Gonçalves65 cita como principal vantagem do e-learning a economia, tanto no departamento de informática, pois os cursos permitem que os funcionários resolvam pequenos problemas de informática sozinhos, quanto no próprio valor do treinamento. As desvantagens seriam operacionais, a necessidade de um gerenciamento grande, maior que num serviço terceirizado, além da necessidade de um gerenciador para o curso.
A Fundação Bradesco também apostou no e-learning como uma forma de atender mais profissionais sem a necessidade de construir mais escolas. Uma nova escola custaria por volta de R$ 4,5 milhões, sem contar o custo anual de manutenção de cada uma das 37 escolas da Fundação Bradesco: R$ 1,5 milhão.
O produto escolhido foi o TopClass Server, da irlandesa WBT Systems, provedora de softwares e serviços para treinamento em rede. Ao adaptar o software TopClass para a língua portuguesa, a MicroPower tornou-se sua representante no Brasil.

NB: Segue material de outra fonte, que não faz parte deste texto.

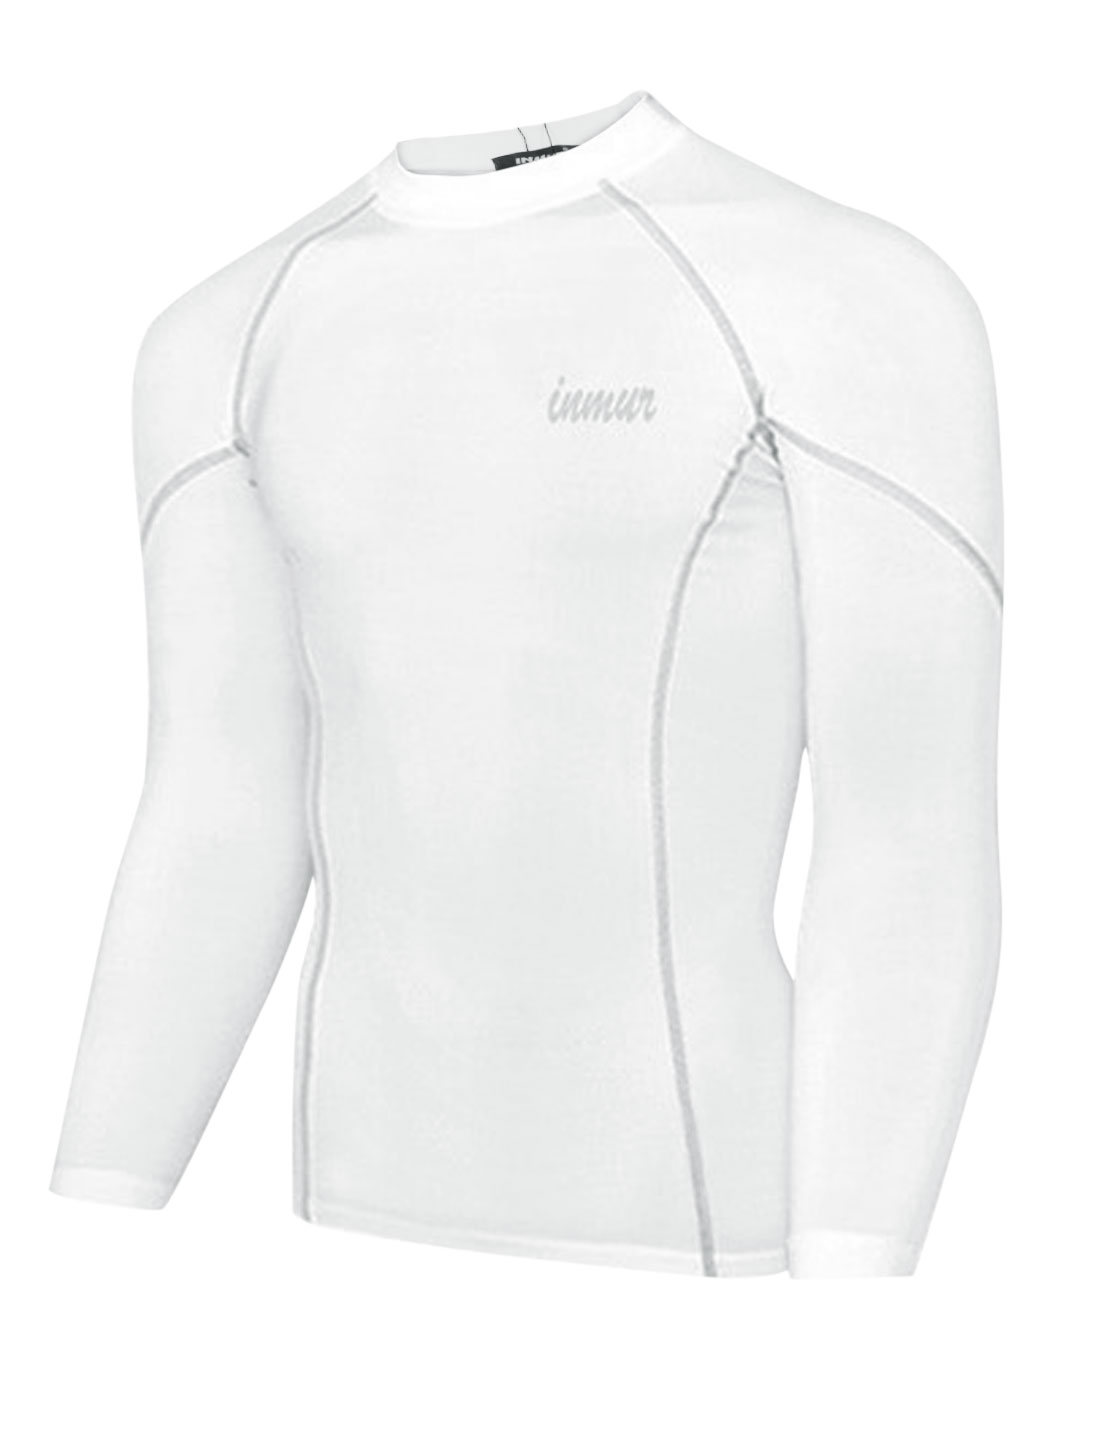 Men Pullover Raglan Sleeve Letters Detail Fitness Sports T-shirt White M
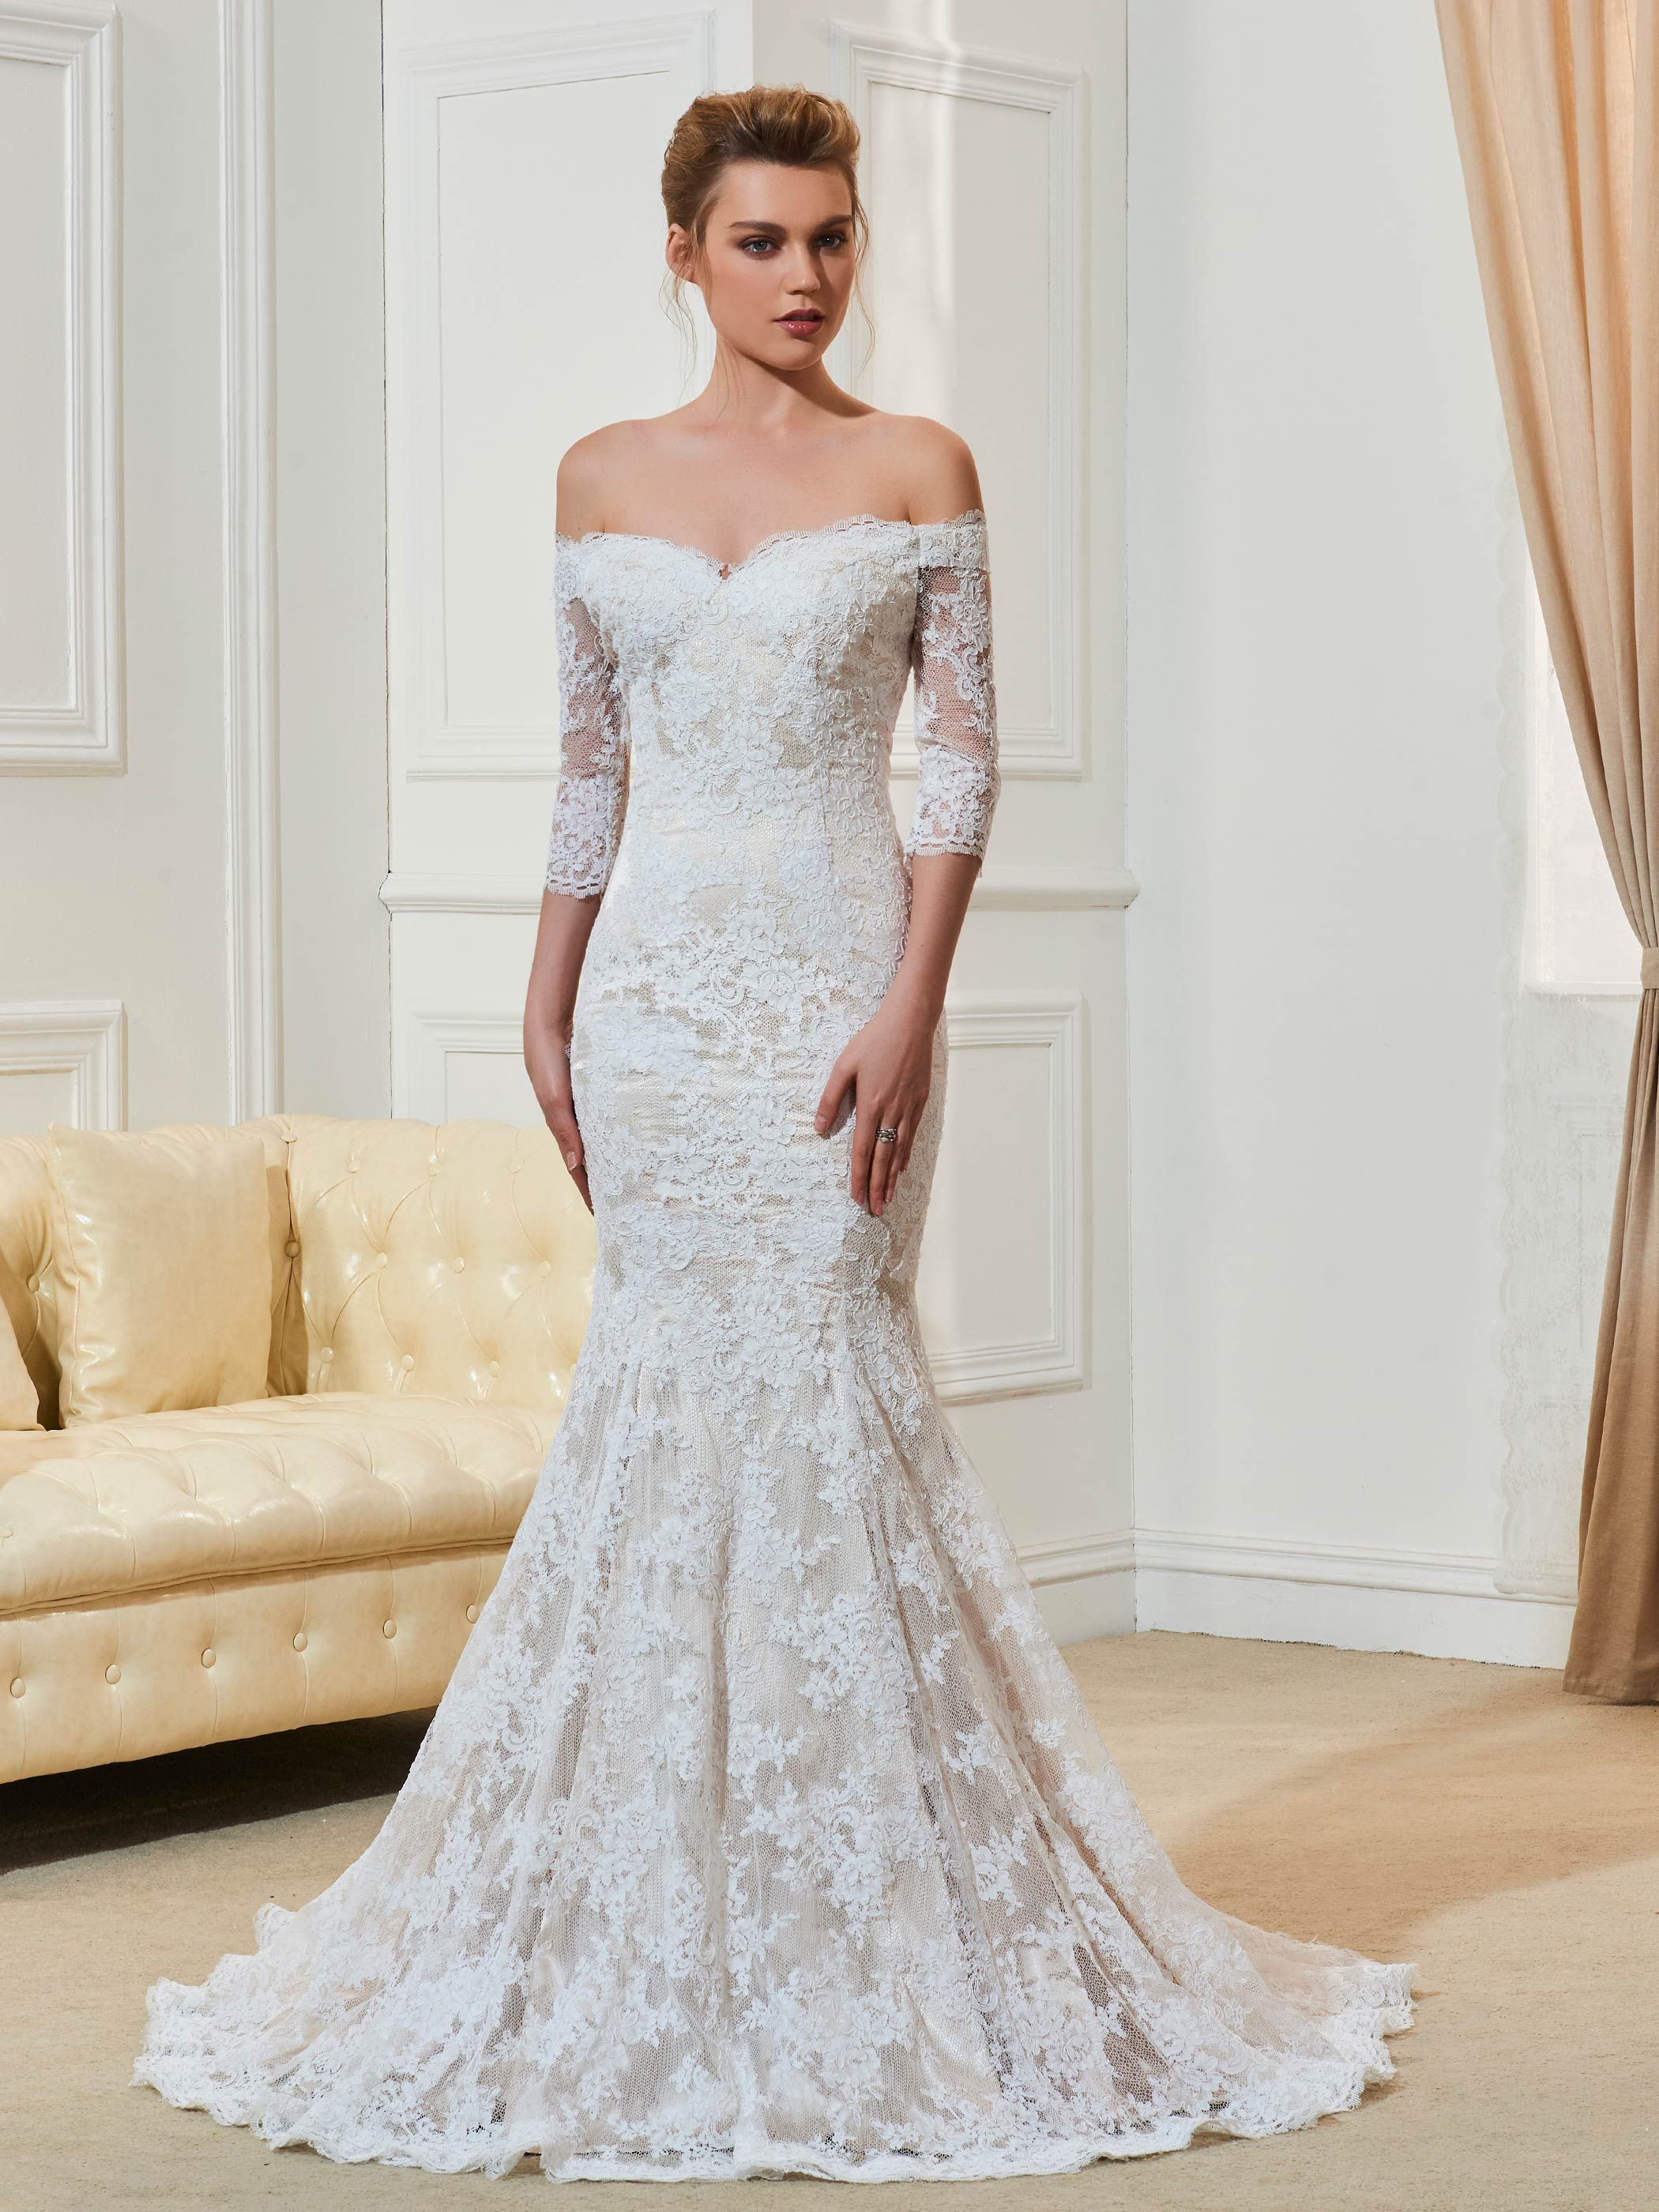 Off the shoulder half sleeve lace mermaid wedding dress bridal

Atualmente, estão disponíveis somente treinamentos de qualificação para professores e funcionários, está previsto o lançamento do primeiro Curso Técnico de Informática via Internet, com duração de 100 horas, sendo 85% virtual e 15% presencial. Buscando aprimorar seu projeto, a Fundação Bradesco já adquiriu duas ferramentas auxiliares: o Symposium, da Centra, que colabora no uso dos recursos como vídeo, textos e áudio, e o Perception, da Question Mark, que realiza avaliação on-line.
O gerente departamental de tecnologia de informática e educação, Nivaldo Marcusso, garante que os planos da Fundação Bradesco são grandes. "Com o e-learning, poderemos chegar em locais onde não estamos fisicamente presentes. Através de parcerias com escolas públicas, entidades e prefeituras poderemos atender à população carente que, de outra forma, não teria acesso às informações." Utopia ou não, a Fundação trabalha em busca desse objetivo e participa, mensalmente, de um grupo de discussão junto com outras empresas interessadas no e-learning, como Coca-Cola e Xerox66.